How to Make Money from Photography Workshops

(The following is excerpted from 99 Ways to Make Money from Your Photos, by the editors of Photopreneur.)

Photography can be an unstable business. You often never know where your next job is coming from. That’s why many photographers turn to teaching at least part of the time; it’s a way to turn knowledge into cash and create a secondary income stream.

If you’ve never taught a class before and are wondering whether you’re up to it, start the teaching process by learning. Take a photography workshop yourself, and pay attention to how the teacher interacts with the pupils and what the pupils are looking for. Then think about what you would have to offer if you were the instructor.

Local College or DIY?

To teach at a local college or adult education center, start by scouting out the options and then check online for instructions for applying. Or just call the college’s information office and ask.

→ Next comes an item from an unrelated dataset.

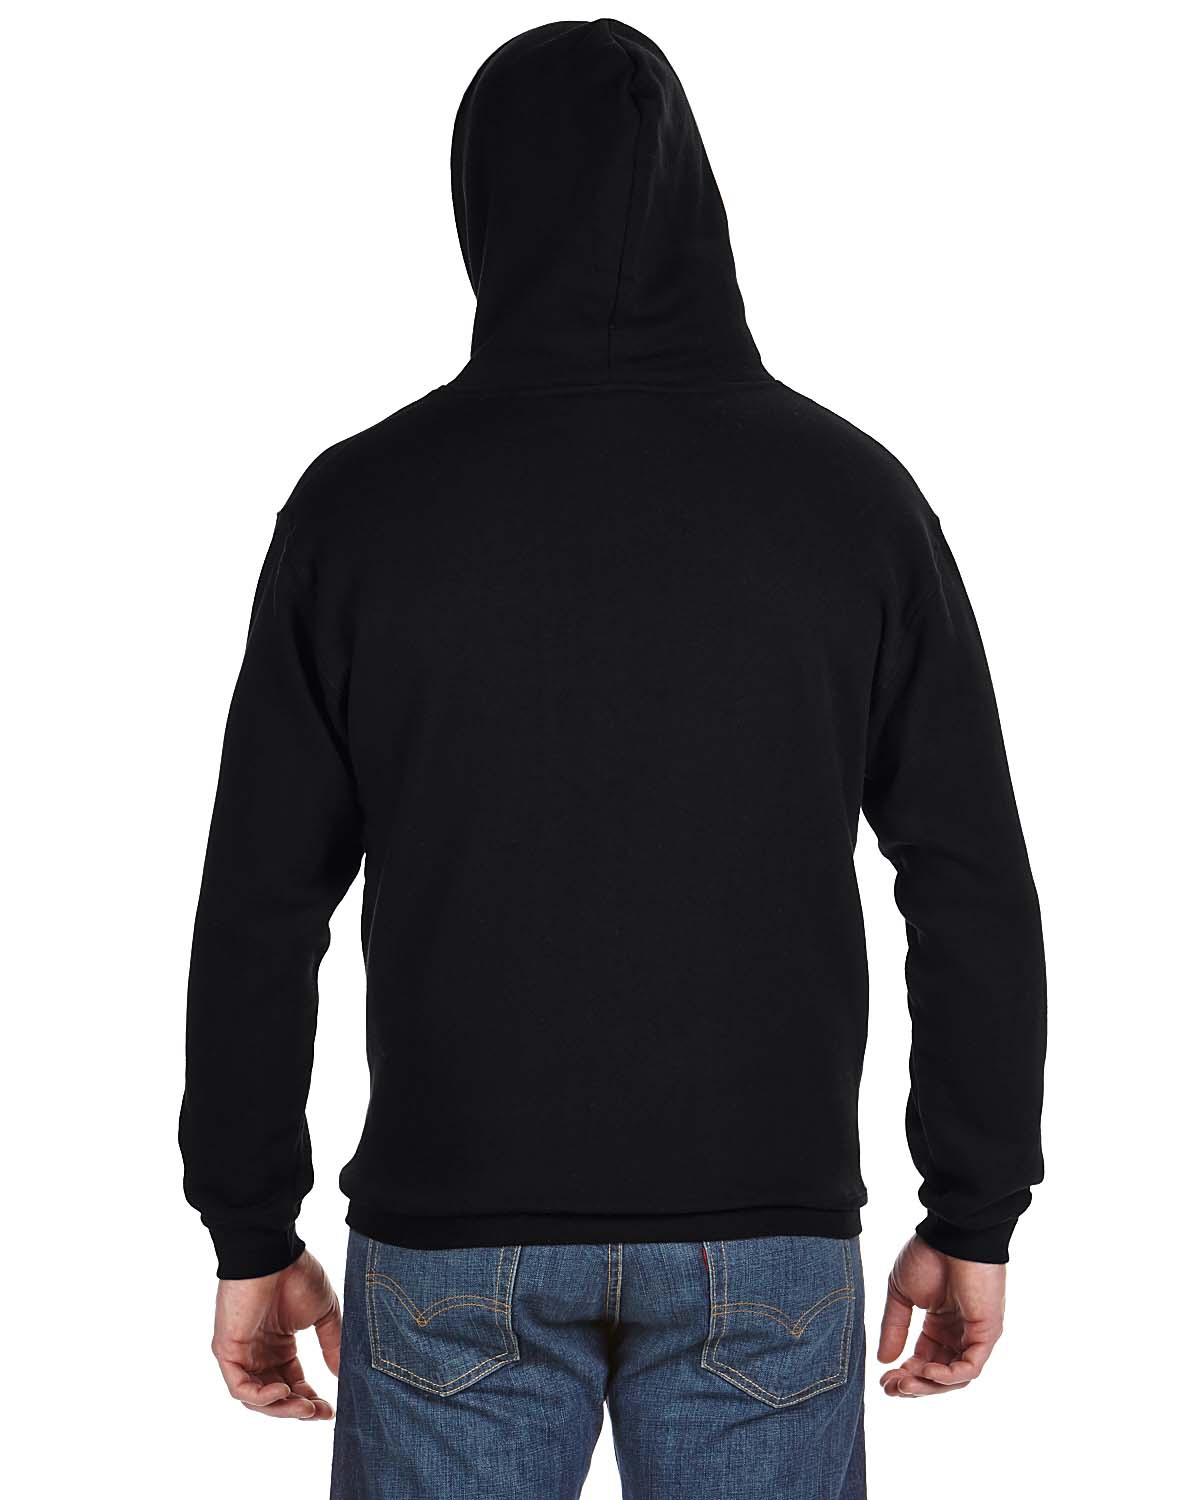 'J America JA8815 Adult Tailgate Fleece Pullover Hooded Sweatshirt'

Keep in mind, though, that part-time college instructors are not highly paid (the average part-time self-enrichment teacher made $16 per hour in 2006), so you may find the application process more trouble than it’s worth — particularly if you have no prior experience.

The alternative is to organize your own workshop.

One of the big benefits of a DIY course or seminar is that you have complete freedom in how to market it — and in selling your photography books and prints to supplement the fees from attendees. Many photographers make the bulk of their workshop income from the products they sell to students.

But you will have to market the course yourself, something you’ll have to do with flyers, press releases, advertising and networking. It’s not that difficult — but it does take time and effort.

What to Teach

Unless you’re an old pro hoping to teach to photography newbies, it’s probably a good idea to steer clear of workshops that focus on the basics. Lots of people know what an f-stop is, how the rule of thirds works and how to change a lens. That sort of information they can read in a book for themselves.

To build audiences for your workshops, it’s better to focus on a particular subject. If you browse through subjects offered in adult education centers, you’ll find subjects like “Indian Vegetarian Cooking” rather than just “Cooking,” and “Romantic Poetry” rather than just “Literature.”

By keeping your workshop focused, you will reduce the size of your potential market — but you’ll also have fewer competitors, and students with a real passion for the subject.

So shoot images of your specialization. Show them to your class as a teaching tool. And then have them available in book form so that your students can buy them afterward.

6 Responses to “How to Make Money from Photography Workshops”

  1. I'm a photojournalist with 2 decades of experience. I've found teaching Digital SLR workshops as well as Photoshop Elements workshops in my community to be very rewarding.
    I've had great classes with engaged folks who are eager to learn new skills. It's awesome watching them grow.

  2. thank you very much for your idea.I would like to get more information.basic knowledge in Digital Photography. [email protected]
    Anil Perera Sri Lanka.

  3. I teach workshops in San Diego and love every minute of it. I'm not sure I agree that we need to stay away from the basics. I'm amazed by how many people with top quality DSLRs have no idea what F stops are and even if they do they cannot deal with equivalent exposures. I get many workshop attendees who describe themselves as 'experts' who really don't know how to control their cameras to get the results they want. I teach many quite advanced classes, but my basics class is by far the most popular.

  4. Completely disagree with a lot of this article - I teach three different colleges and most people have a very patchy understanding of the basics or they don't understand them at all. LIke the previous poster - my basic classes are by far the most popular and are always over prescribed.
    You really should do a bit more research before you post this kind of information as it's very misleading.

  5. I found this post very interesting as myself I'm planing of starting to organize photography workshops based on how to use speedlits for complex lighting. All of the information above will be very useful for me.

  6. I agree with the others about not teaching the basics. I teach an intro and intermediate DSLR photography class in the Birmingham, Alabama area. I also have an ebook, blog, and am working on a series of video classes. I'm a 20 year pro but new to the teaching aspect. There are SO many people who have bought a digital SLR and don't know the first thing about it. They feel lost and while, yes, there are TONS of resources on the web for free, blogs, YouTube, etc, they want hands on instruction.

    I have had a few aspiring pros but for the post part it's people who want to take better pictures of their kids. There is a plenty big market for those interested in the basics!